Tinha corrida de cavalos
no quarto.
Depois! milagre.
O vento assoprou, o sol
calou-se,
a chuva rachou o dia.
Os pássaros saíram da minha cabeça...
brincam agora com os frutos da silveira
e os cavalos pastam
na calmaria da planície.
Fernando Oliveira
Honra ou loucura
Vejo com pena o amor virar para o pano imundo
Orgulhoso demais para transigir com a maneira
pelo menos no comportar da ética - traiçoeira
infame e desairosa, como nele as coisas se aceitam
se esboroam no lavrado e; nas mesmas se reeditam
Durante o tempo que vivi no meio da sociedade
acumulando risos de mentira e; choros de verdade.
Quando caminhei pelo mais intimo dela, e; lhe apalpei os segredos das torpezas e das infâmias. Vi muita esposa desonesta e infiel, e; muito marido paciente e resignado. Vi outras ainda mais vis, e; ainda mais torpes.
Corridas nas ruas e nas praças, pelos brados queixosos
com braços gesticulando propósitos teimosos
O enfurecimento dos próprios maridos
escarlates de vergonha, nos olhos incorridos
e depois aceites de novo pelos braços deles
lenhos apodrecidos, de amarelecidas peles
que julgavam satisfeita, a honra por aquele alarido
salvando por um tempo a união. Do mortal aluído
A desonra afogada pelas lágrimas do arrependimento, ou pela negação tenaz e inabalável do cinismo, desfasado e sereno, que se lhes afigurava inocência ofendida!

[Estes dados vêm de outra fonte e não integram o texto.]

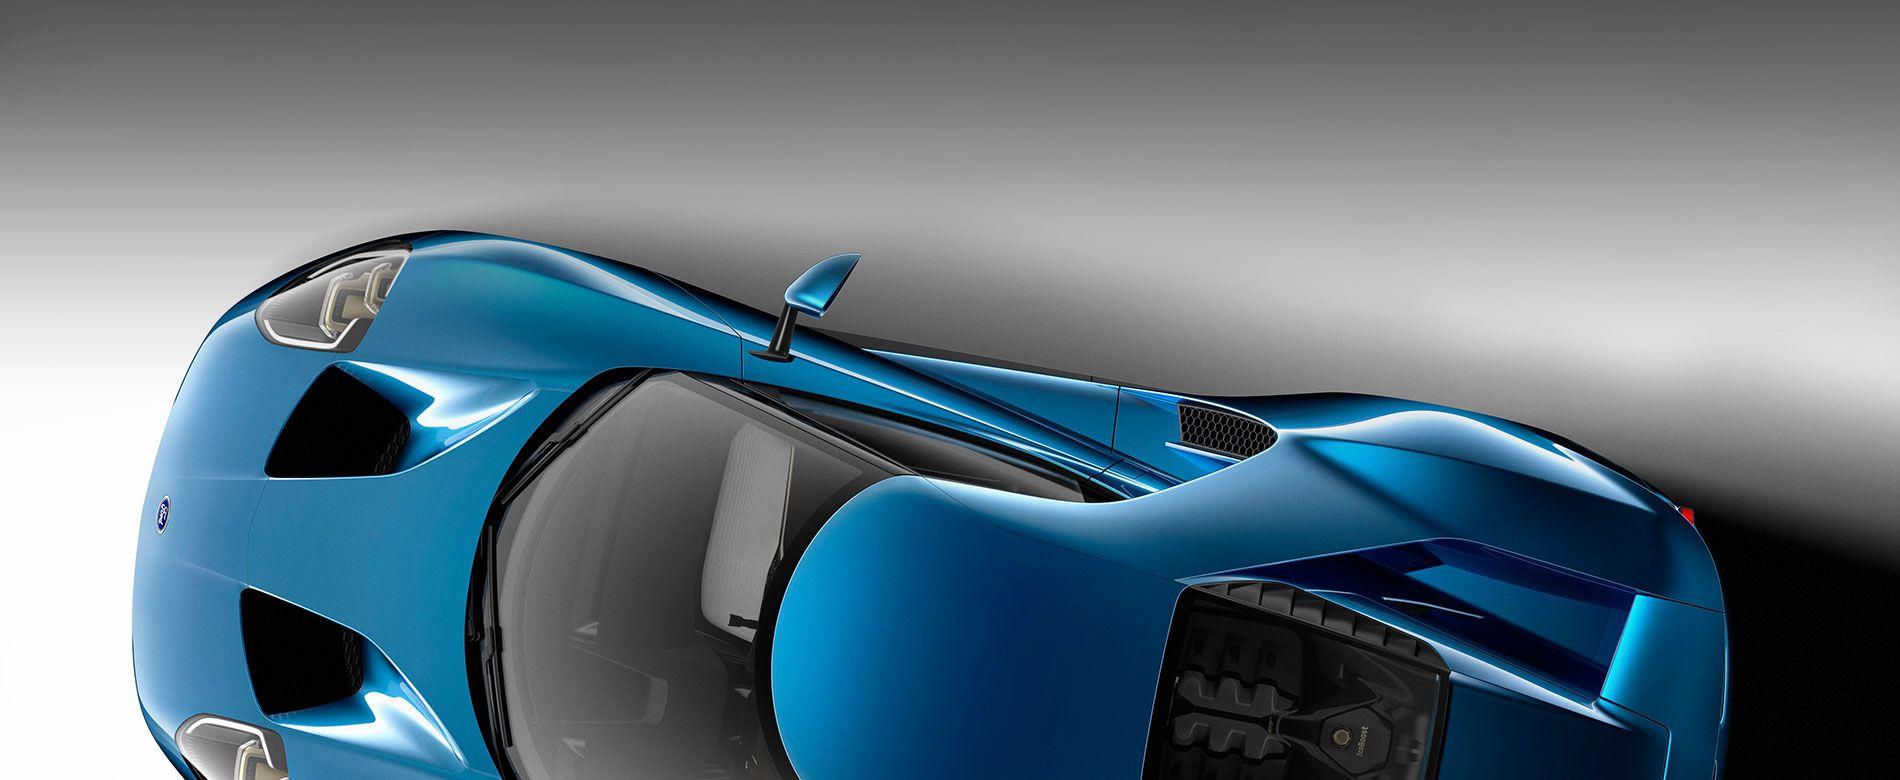 Allnew ford gt sets new standard for ford innovation

Vi muitas mulheres solteiras fingirem o amor, a troco de conquistarem o rico, que as pudesse enfeitar de veludos e diamantes, muitas venderam a honra para segurarem um noivo, outras, ainda mais torpes, a troco de uma jóia, que o capricho lhes avultava superior a todas as considerações deste mundo!
Vi destas torpezas
sem fingimentos, cruas certezas
Palpei estas, e; outras chagas iguais
até ao esgotamento, não poder mais
O asco e infâmia, vi essas mulheres serem conduzidas ao altar
com um desprezo do amor, de pasmar
e a inocência resplandecente no rosto
contentes do social composto
A serenidade nos olhos, e; talvez que no coração. As mulheres vi-as assim, e; vi os homens também aceitá-las.

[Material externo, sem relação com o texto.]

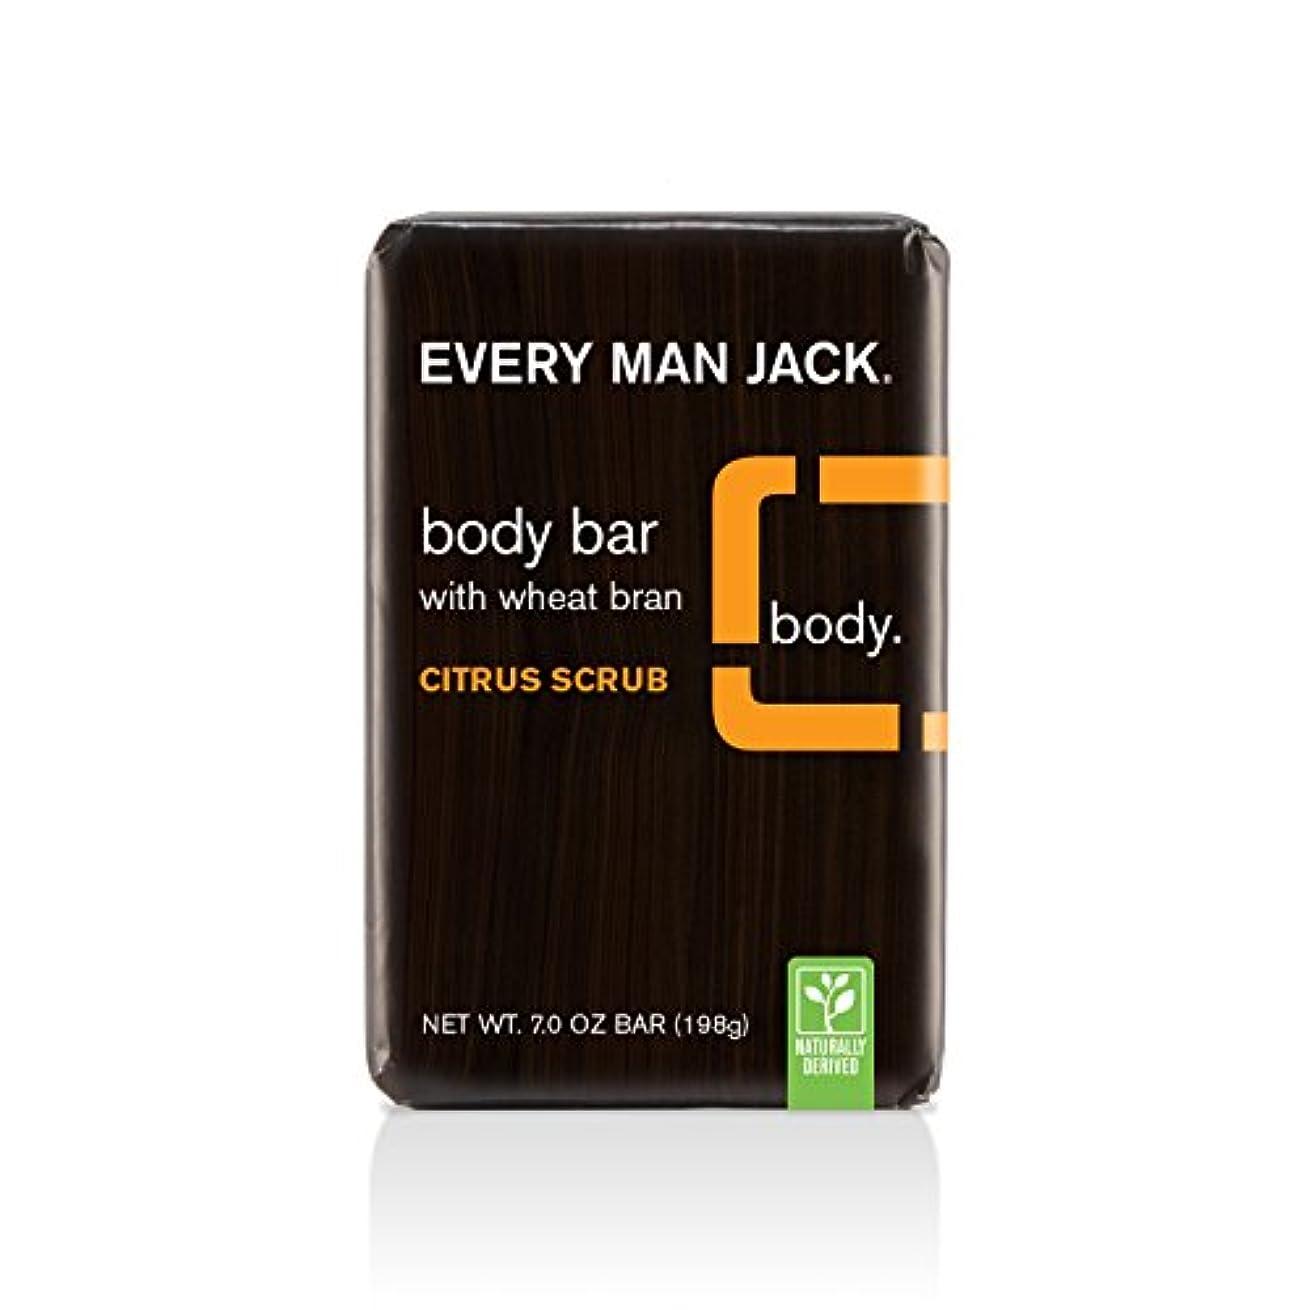 苦難市長市の花海外直送品Body Bar Soap, Citrus Scrub 7 oz by Every Man Jack

Aparecerem depois ao lado delas, de fronte levantada e altiva, como se nelas a infâmia não tivesse estampado uma nódoa indelével!

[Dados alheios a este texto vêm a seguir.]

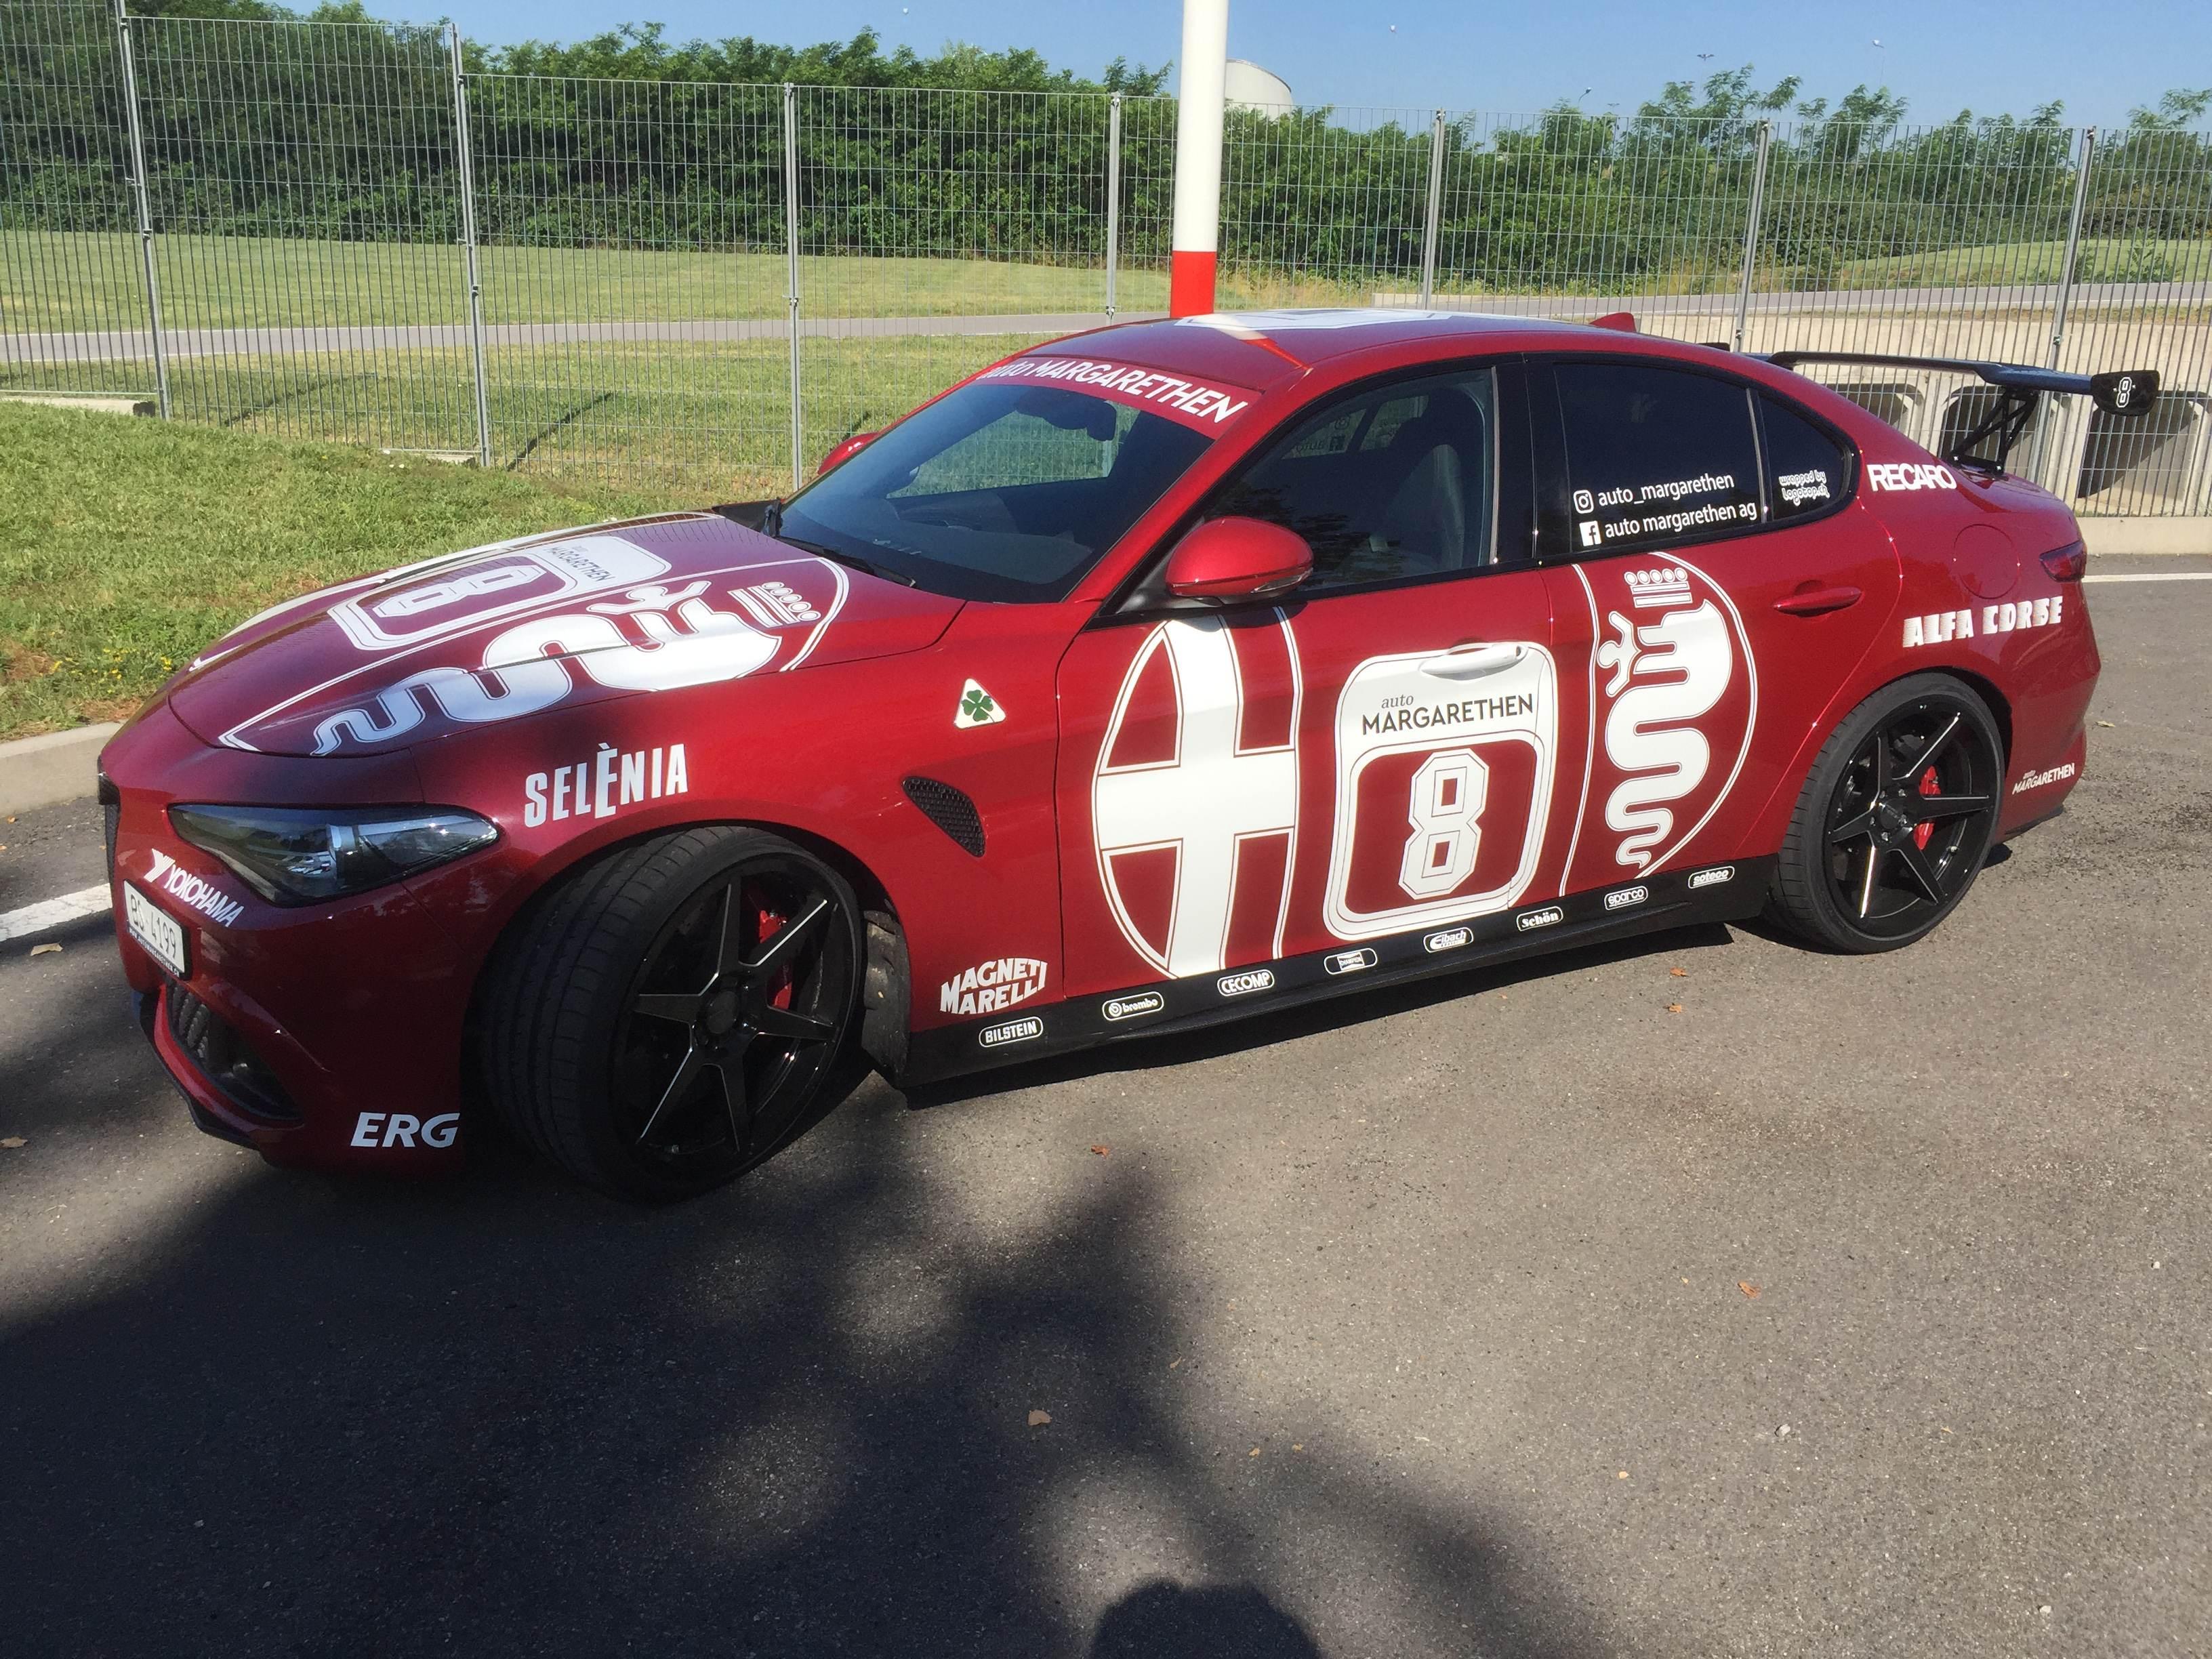 foto Alfa Romeo day 2019 - 11

O século actual é assim. As suas virtudes essenciais, são oiro e cinismo
fintas de recuo, falsas cólicas de felicidade, tudo menos altruísmo
tudo o bastante para disfarçar a infâmia, e; afrontar com olhos insurgentes
e rostos bastardos, extraídos de intelectos de combinações doentes,
o sorriso escarnecido daqueles mesmos que, admirável contradição,
concorrem para o crédito daquilo que consideram, miserável acção.
Lhe apertam a mão com glória, e; vivem como ele a prática impura
secular comportamento, que nos questiona. Honra ou loucura?!...
Fernando Oliveira
Composição e adaptação poética dum trecho do romance em prosa, de Arnaldo Gama “ Honra ou Loucura 1936 “
Se és filho de antigos
- E não és senão um demais uma enzima do acaso que podre volta para o cais por se ter esgotado o caso -
E o caminho que fizeste é o traçado pelos teus pais, pelos pais dos teus pais e tantos pais que jamais saberás os teus.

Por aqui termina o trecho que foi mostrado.